• [Work to complete]: Please give back only the lines below from the one containing "Galette de chaise" to the one containing "Gran Caffe' Del", each repeated word for word, both ends included.

• [Dataset records]:
■ ■ ■ ■
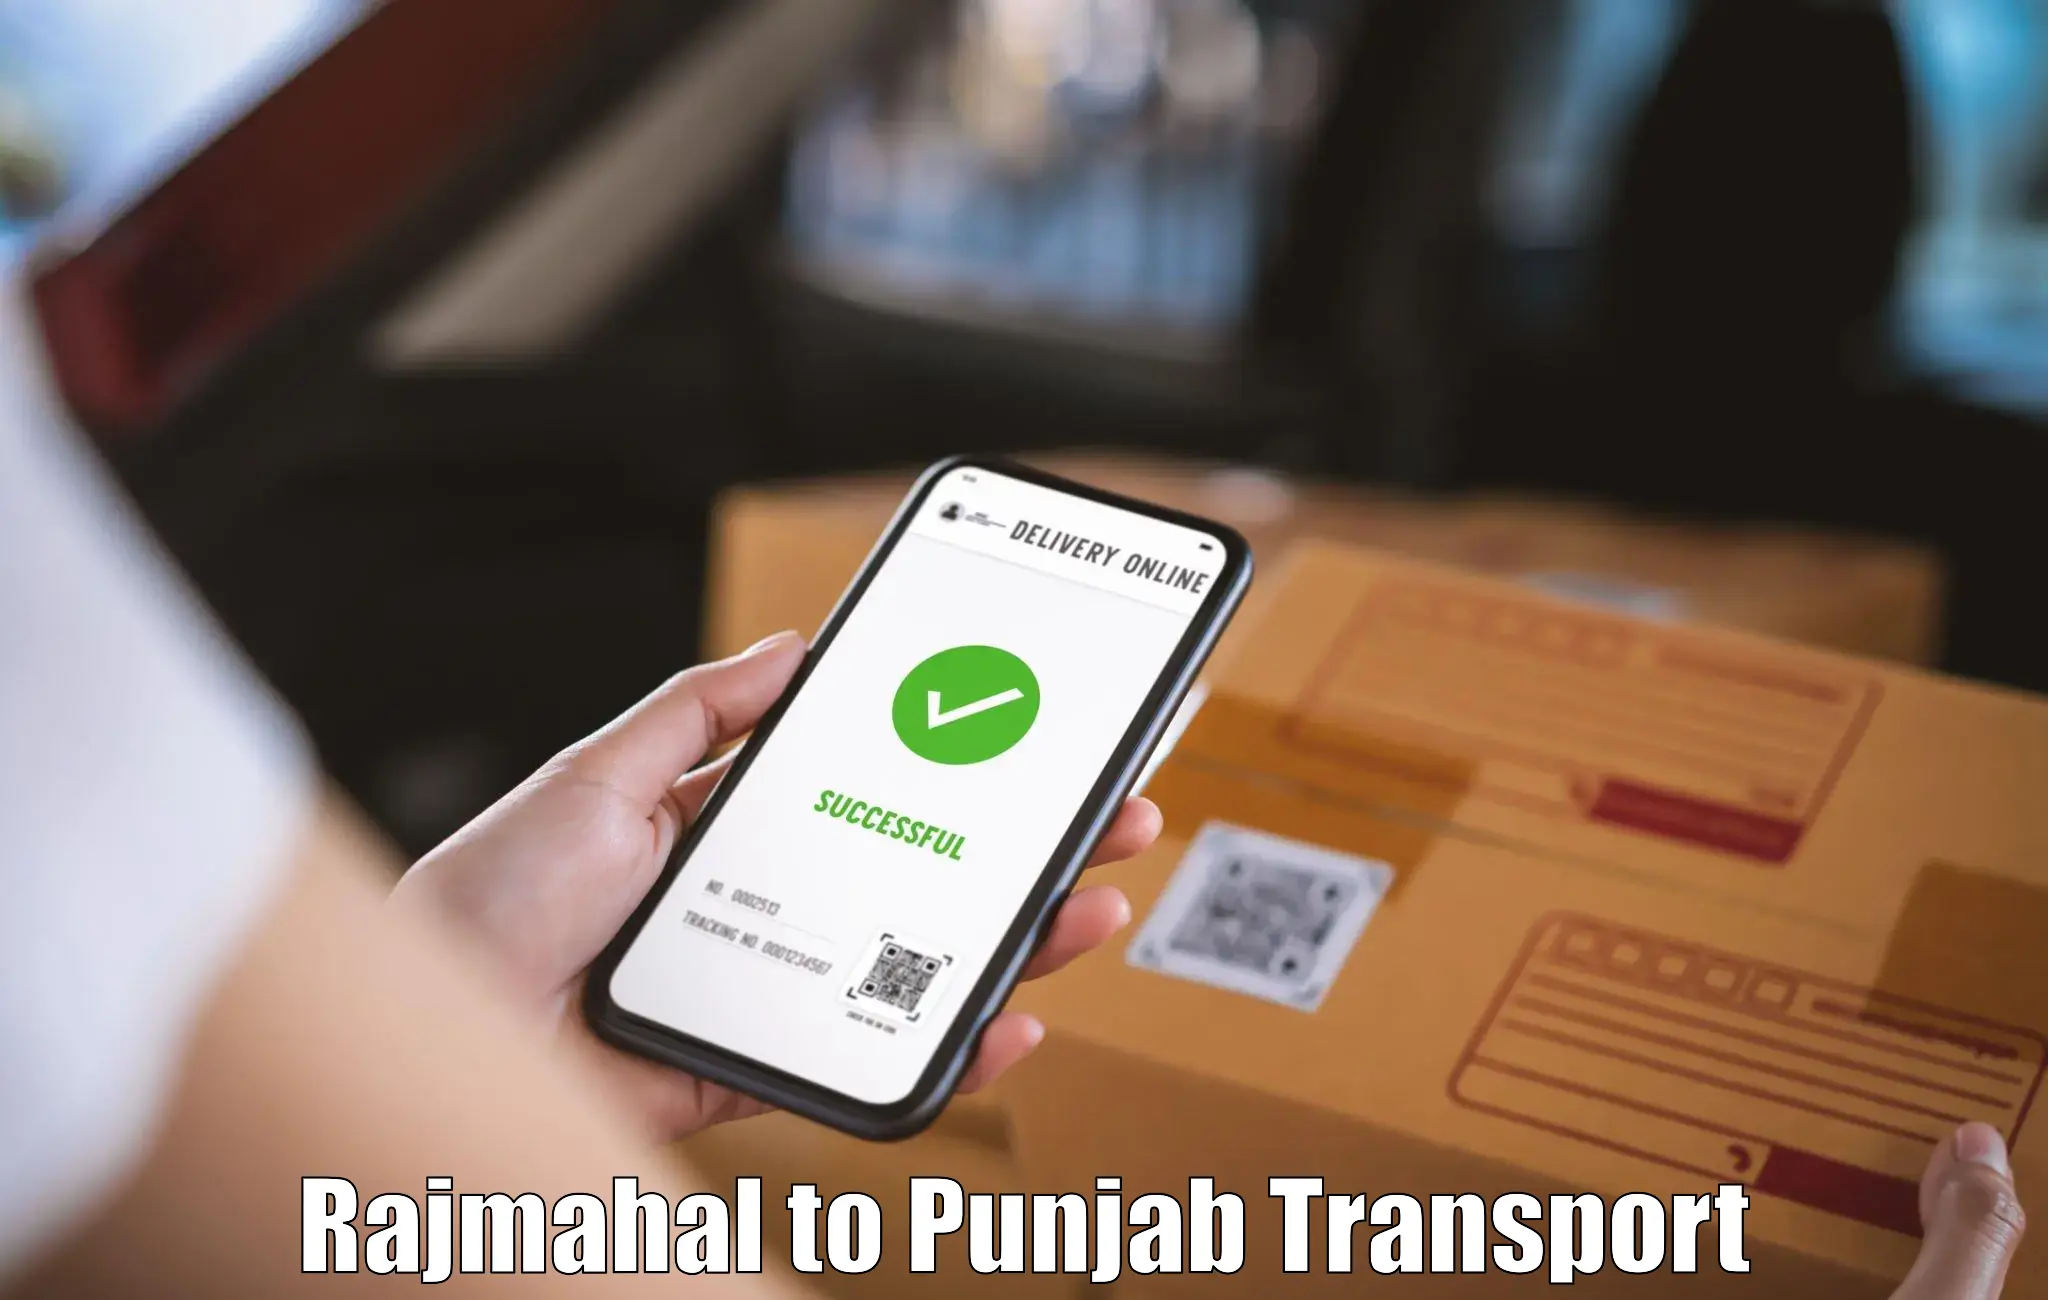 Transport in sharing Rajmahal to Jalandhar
■ ■ ■ ■
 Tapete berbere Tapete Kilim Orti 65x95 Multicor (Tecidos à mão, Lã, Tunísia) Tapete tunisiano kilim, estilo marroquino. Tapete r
■ ■ ■ ■
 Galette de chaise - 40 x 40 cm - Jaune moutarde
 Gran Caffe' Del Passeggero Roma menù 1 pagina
■ ■ ■ ■
• [Answer to this task]:
 Galette de chaise - 40 x 40 cm - Jaune moutarde
 Gran Caffe' Del Passeggero Roma menù 1 pagina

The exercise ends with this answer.